I want to talk about Pedrosa before I talk about the race: he said that the result in Austin was amazing, and he’s obviously a warrior (he’s not called a samurai for nothing), and it’s an indication about what I’ve talked about so many times. It’s how he rides the motorcycle because of his size. He’s not very big, he’s not very strong, but he doesn’t need to use those qualities to manipulate the bike. He’s able to use the bike’s inertia and the bike’s movement, anticipating the change in direction and get it in the right position around the track. So when he does have an injury, he’s able to work around it. That’s what he does every lap of every corner, so he does not have to over-grip or depend on that, and certainly, the pain was there and all – that’s a strength that he has, that internal fortitude, discipline, mental strength and the technique to be able to perform. On Sunday, he was in contention for second place, even with that injury.

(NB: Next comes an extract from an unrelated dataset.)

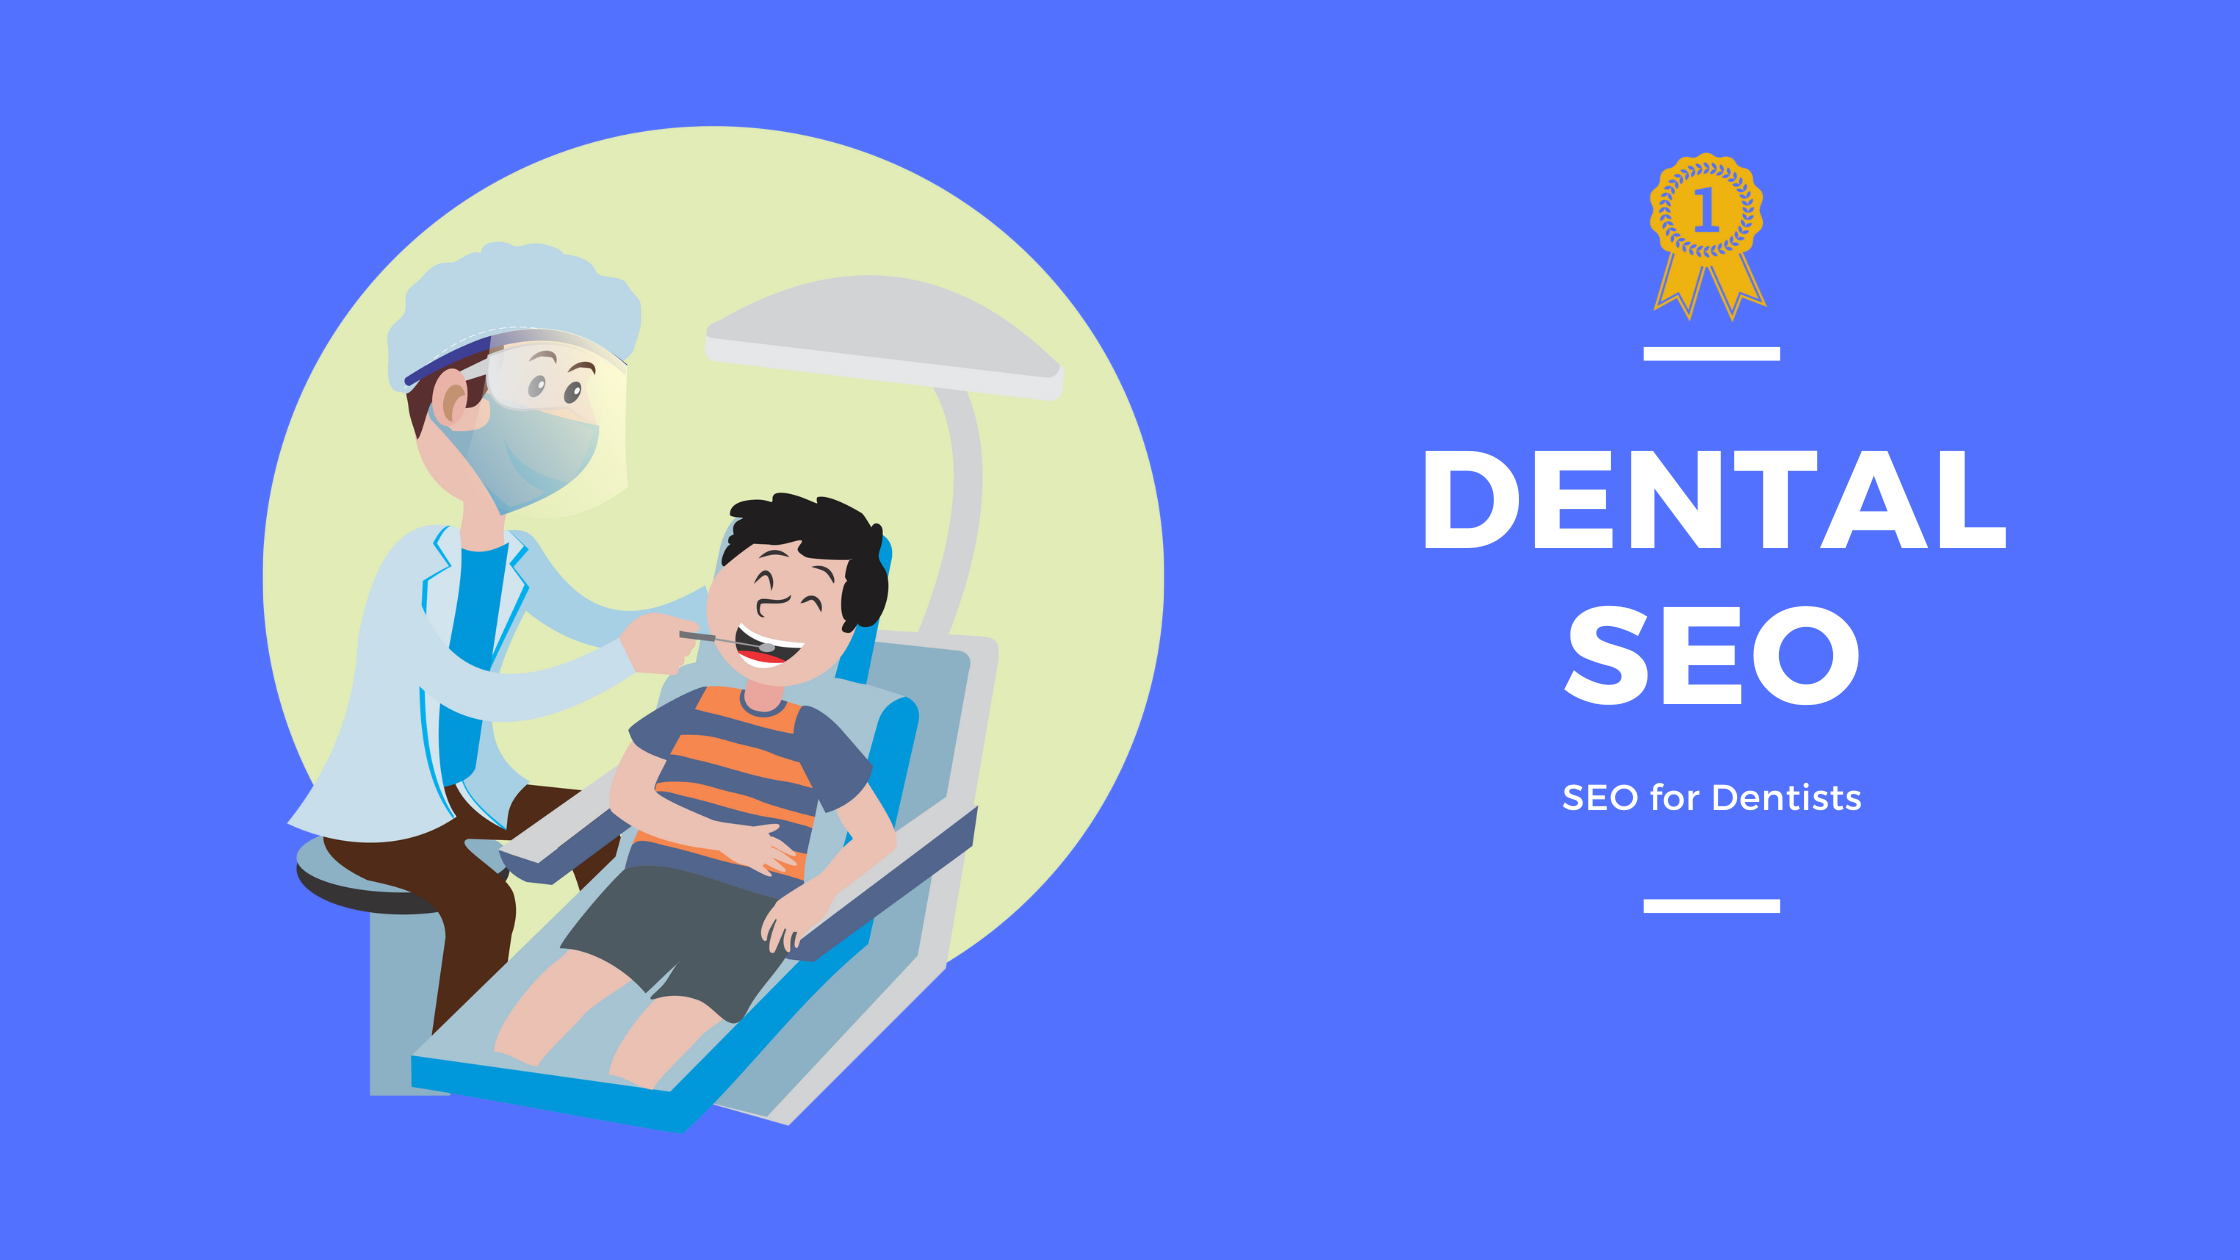 Dental seo for dentists
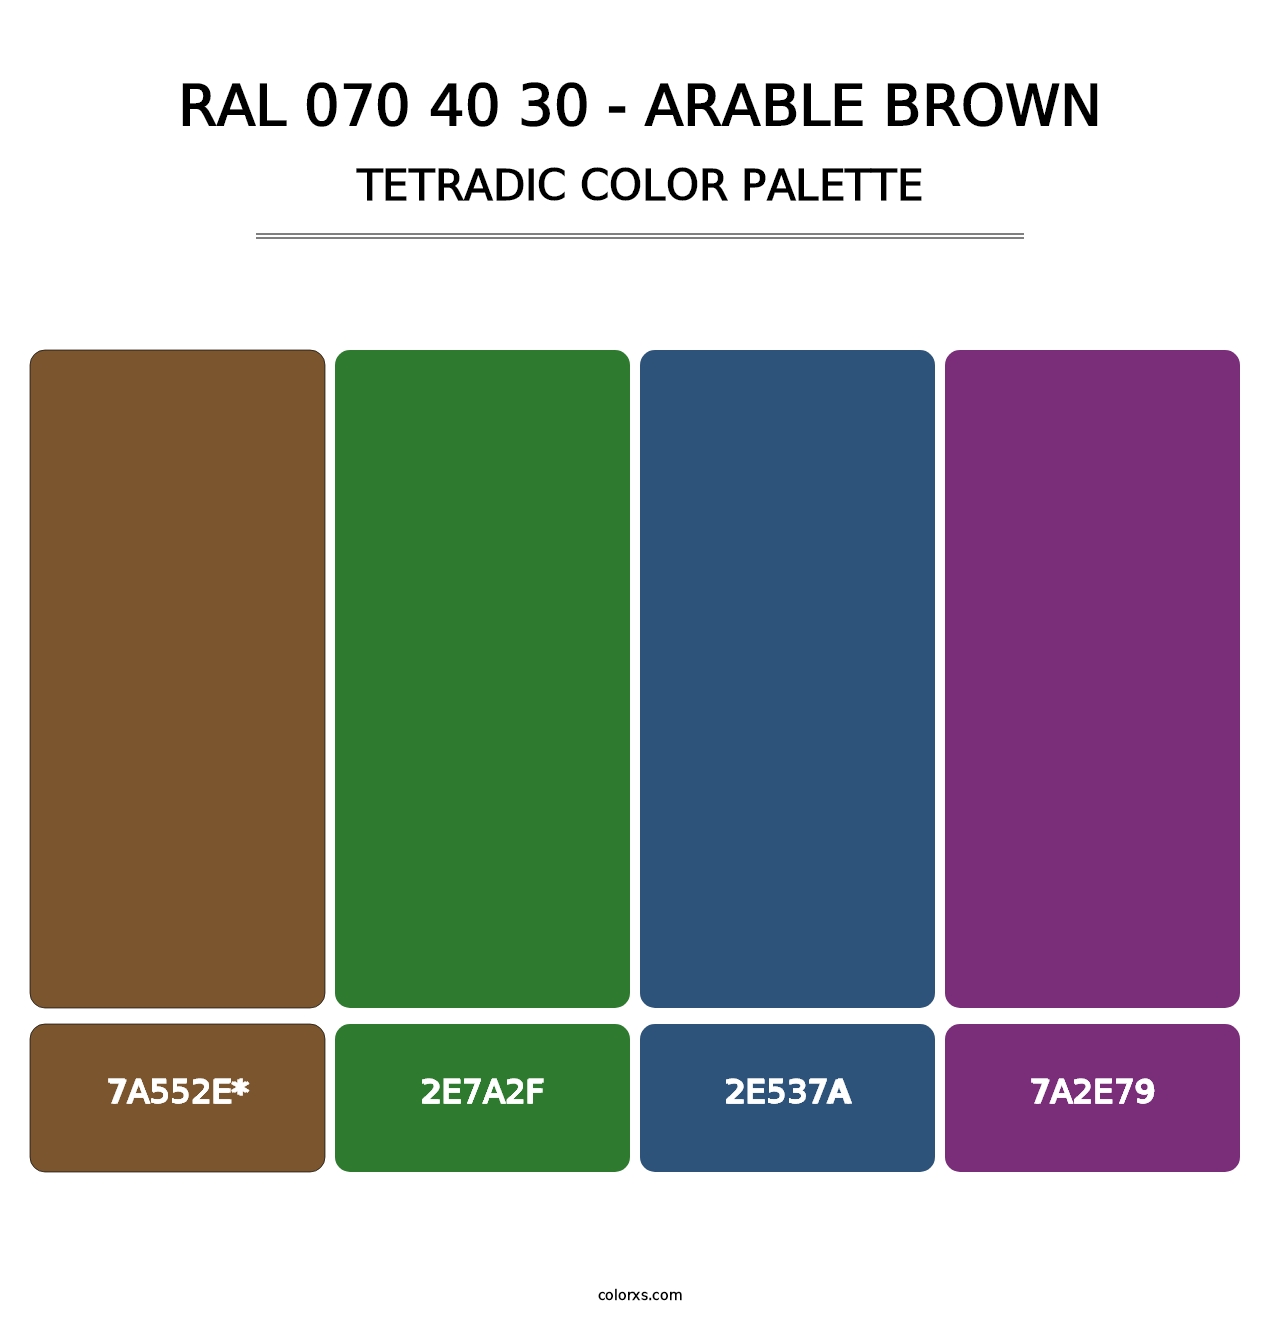 RAL 070 40 30 - Arable Brown - Tetradic Color Palette

Now, let’s talk about the major incident in the race. You could see it coming because of the frustration on track. You could see Dovi was starting to get frustrated as Marc inched away by a couple of tenths per lap. Dovi knew that if he was to have any chance of winning the race, he needed to get past Lorenzo. Lorenzo, because of his entry speed, not so much his deep braking, he carries the speed and he also gets that dramatic direction change in the middle, gets off the throttle and off the corner because he picks up the throttle very early. All that was interfering with Dovi’s ability to get into position to make a pass on the brakes at the end of the back straight, where he had tried it the lap before. So you could see it coming when Dovi’s bike started to move around as he was trying to stay close. It wasn’t a matter of power as they were on the same bike, but Dovi wanted to get close enough to out-brake Lorenzo. Now, the concern that you have is that you want to make the pass, but you don’t want to get by, to allow him to square the corner off, but you wouldn’t want to take out your team-mate – that’s the team’s number one rule. So, like I said, you could see that frustration coming, and I could almost feel it through the screen, and they went into the corner and Lorenzo moved up while Dovi tried to make the pass, which was understandable. So here we had that situation, and that was basically what happened, and Lorenzo tried to square up and got connected in an unfortunate position that threw Jorge into Dovi and we had the crash. I think the right decision was made because it was a racing incident, but the only thing about the decision was when the riders blamed each other. That’s where I would’ve said: ‘I got in deep, and it all started because he tried to pass me on the brakes. I understand him needing to do that, but unfortunately, that’s what caused it.’
It was just one of those unfortunate things, and hopefully, we’ll be able to move onto Le Mans as nobody was hurt. It was a great race, and I look forward to the next one, and I hope you do too.